Donald Trump’s New York Primary Win Changed Nothing
Before we begin debunking, let’s start with the obvious: It was undoubtedly a good night for Trump and unsurprisingly so, as NR’s Henry Olsen predicted on election eve. Trump looks to have taken 90 delegates and 60 percent of the vote, somewhat better than projections, although most election-eve forecasts had him taking at least 85 or so of New York’s 95 delegates (Olsen had him pegged for 87). But despite his victory, Trump got only a very modest bump from New York last night. And despite the breathless TV and print commentary from our New York–centered media, he still faces huge obstacles if he wants to get a sufficient number of delegates to be nominated on the first ballot. And if he is not nominated on the first ballot, given Cruz’s wildly successful delegate strategy, it is unlikely he will be nominated at all. In fact, according to the analysis of the widely-respected 538.com, Trump actually fell just short of the number of delegates he needed in New York to put himself on the path to the magic number of 1,237.
And, though he should have a good week next week when Connecticut, Delaware, Maryland, Pennsylvania, and Rhode Island vote, he will need a New York–level performance, not just a victory, if he wants to substantially improve his nomination odds.

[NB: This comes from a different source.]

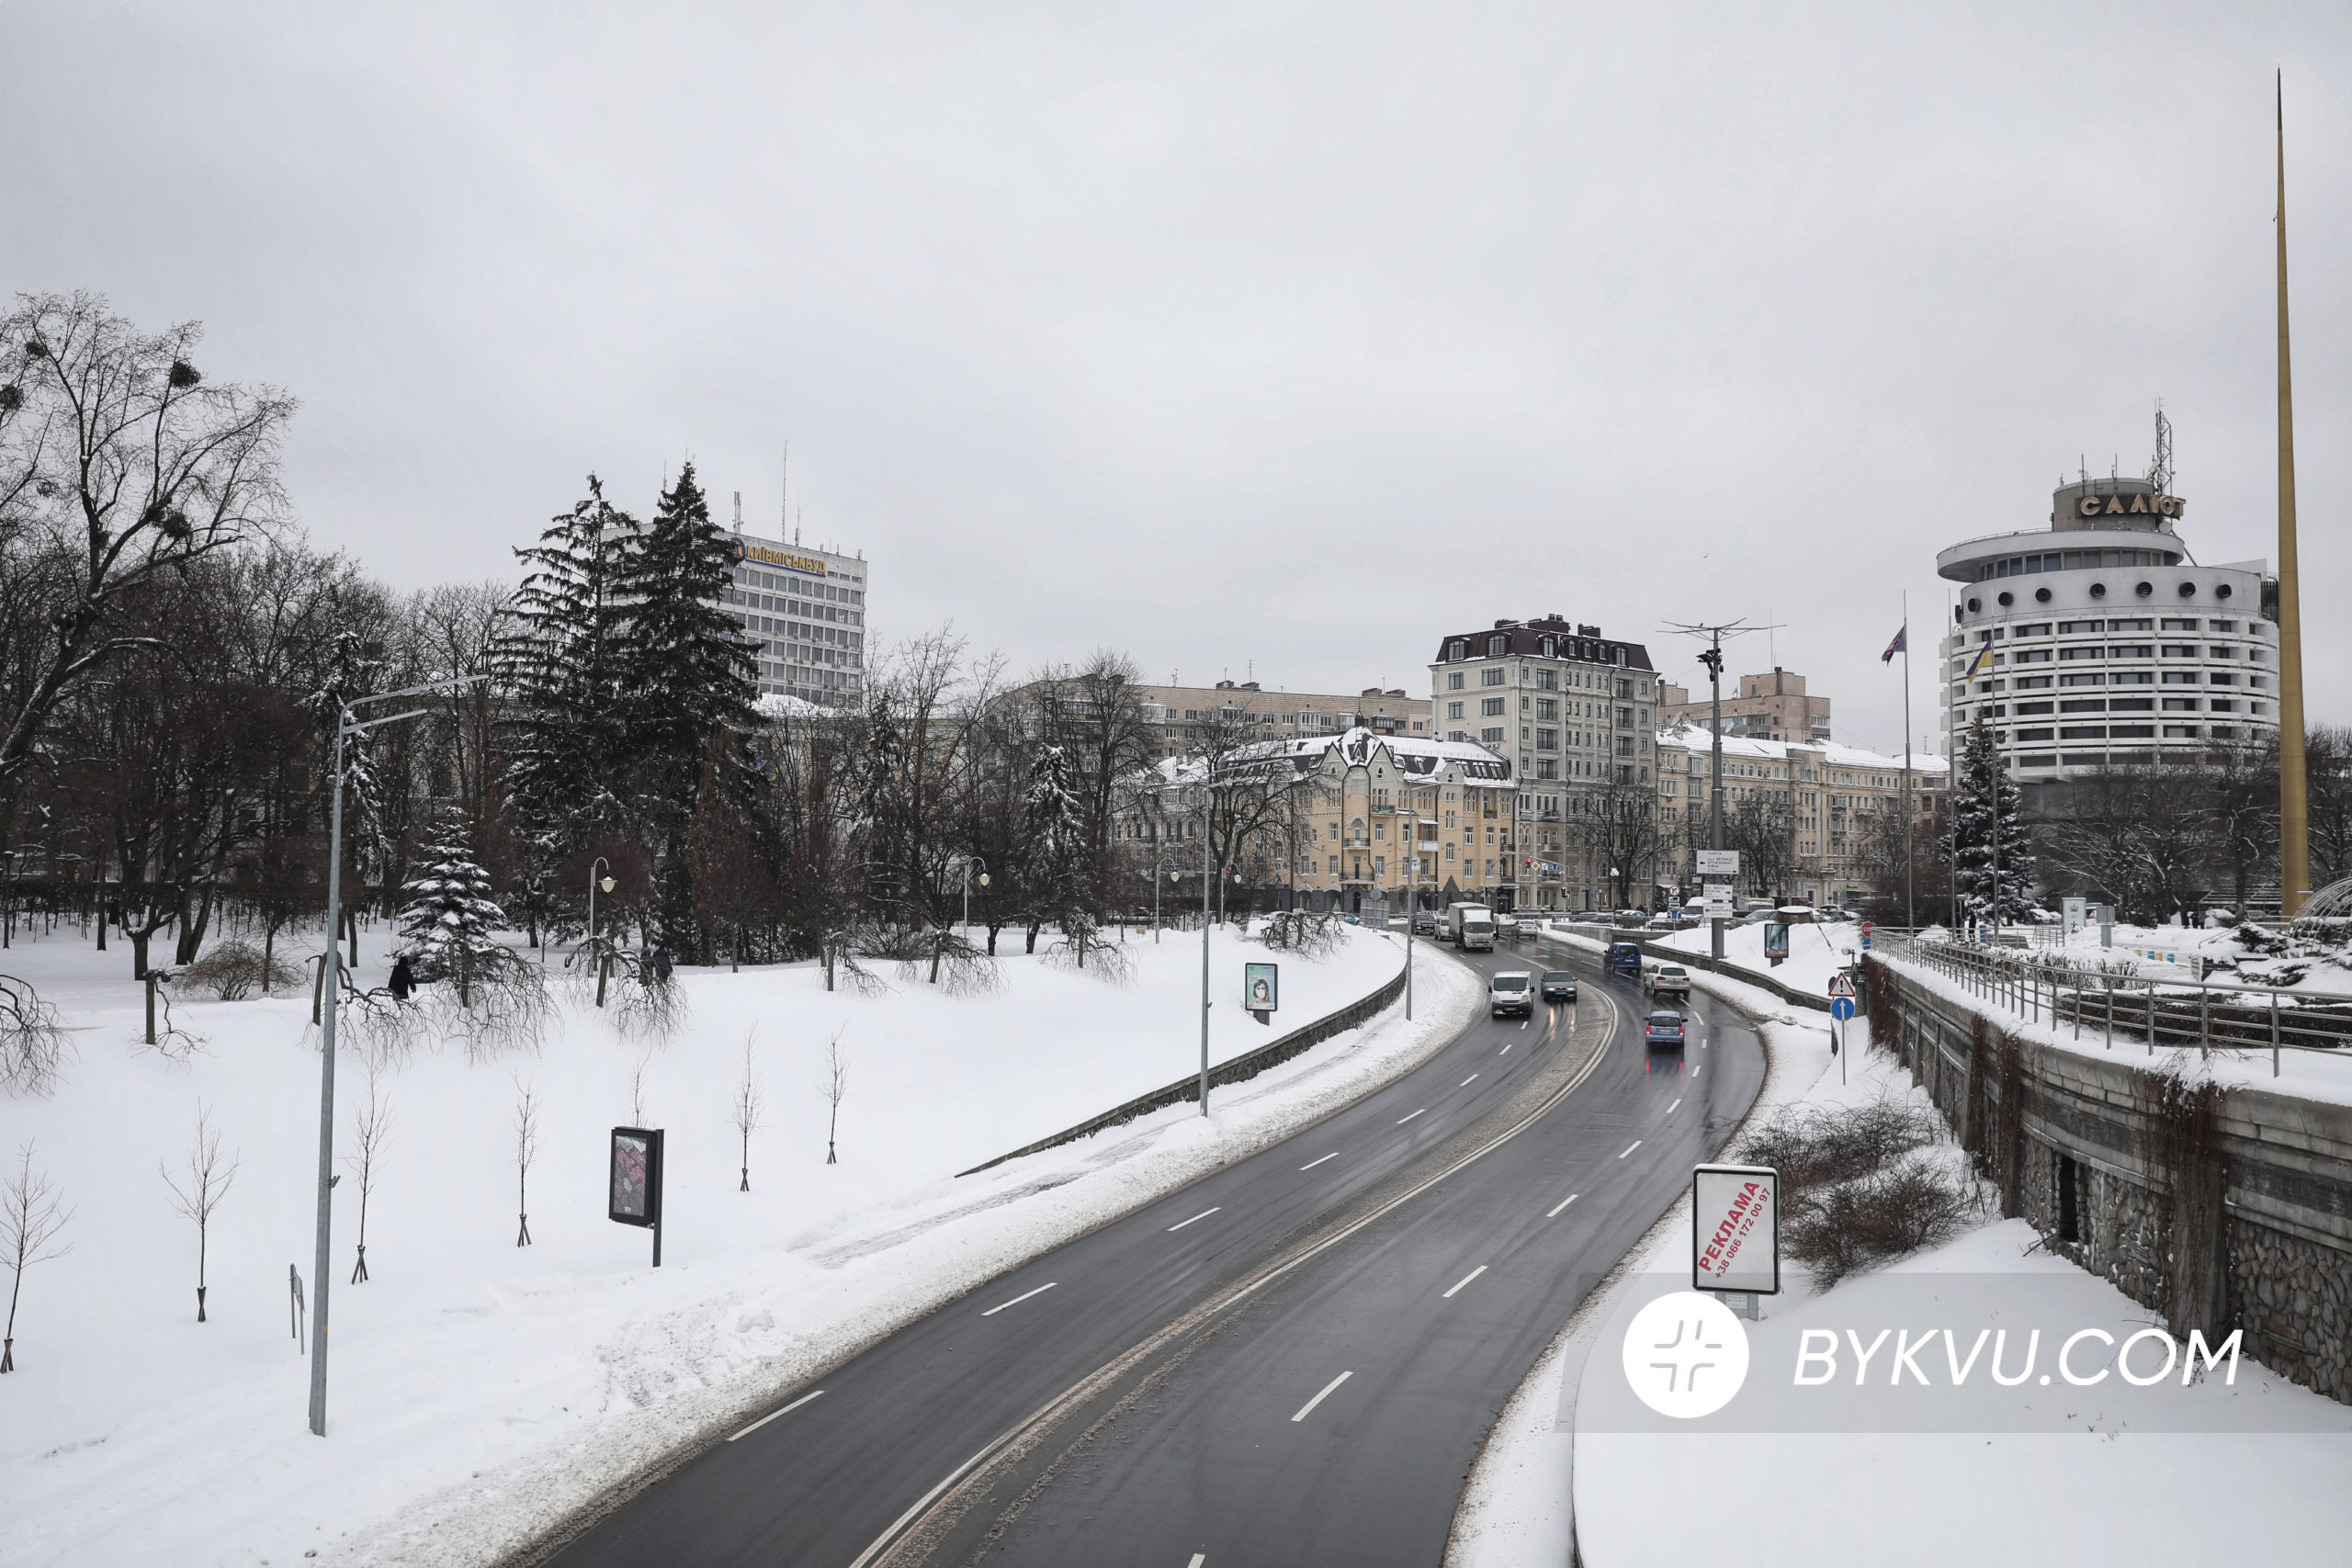 Сніг у Києві

New York and the five states voting next Tuesday are all part of the Democrats’ “blue wall.” Democrats have won all of these states in each of the last six elections. Only one of these states (Pennsylvania) has given more than 45 percent of its vote to the GOP candidate in any of the last six elections. New York and Rhode Island have never even given 40 percent to GOP candidates during this time.

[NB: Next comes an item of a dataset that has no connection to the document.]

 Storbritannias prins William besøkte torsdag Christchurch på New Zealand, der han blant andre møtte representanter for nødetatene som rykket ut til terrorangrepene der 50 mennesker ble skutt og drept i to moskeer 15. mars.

It will be a major surprise if Trump loses any of the April 26 “Acela corridor” states. In fact, the 538.com base projections, which still have Trump coming up almost 80 delegates short of the 1,237 he will need for a first-ballot nomination, project that he will easily win almost all of the delegates in these states next week. If Cruz (whom, full disclosure, I have endorsed), or even the delusional John Kasich, were to somehow surprise him, most likely in Pennsylvania or Maryland, it would constitute a major setback for Trump.

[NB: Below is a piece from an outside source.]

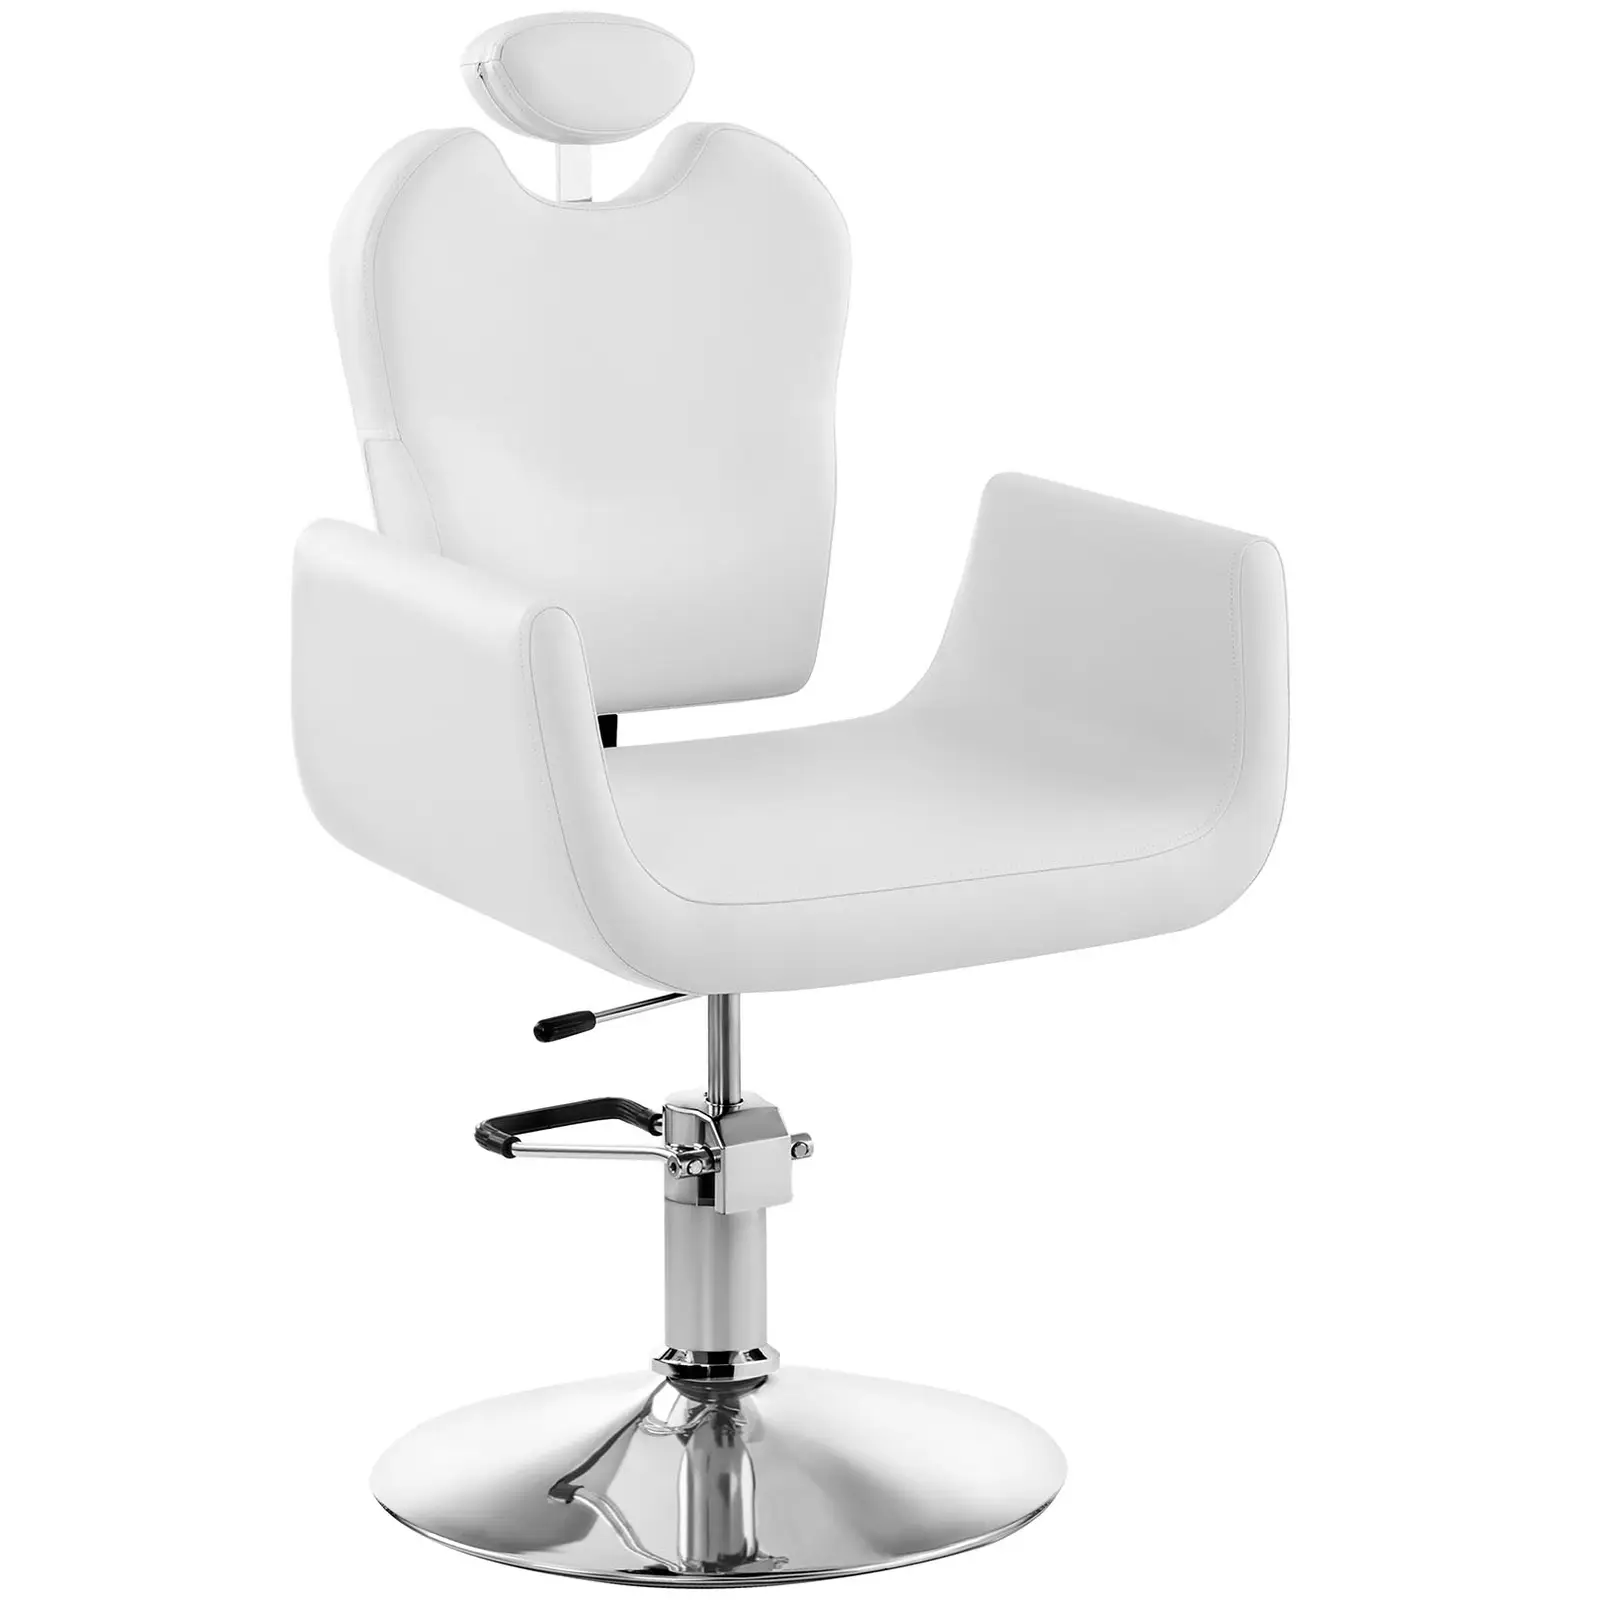 Fodrász szék Livorno fehér

Even in a best-case scenario for Trump, he can probably gain no more than ten or 15 delegates above current projections, still leaving him far off pace to clinch the nomination. On the downside, if he unexpectedly loses anywhere on April 26, his path to 1,237 delegates is almost certainly foreclosed. An April 26 sweep is already priced into Trump’s stock. The real final charge for the nomination begins not next week in the Northeast, but the following week in Indiana, the first of the final ten states to vote on ground that is much more favorable to Cruz. In fact, Cruz is favored in most of the last ten states, with only New Jersey and (narrowly) California falling into the Trump column.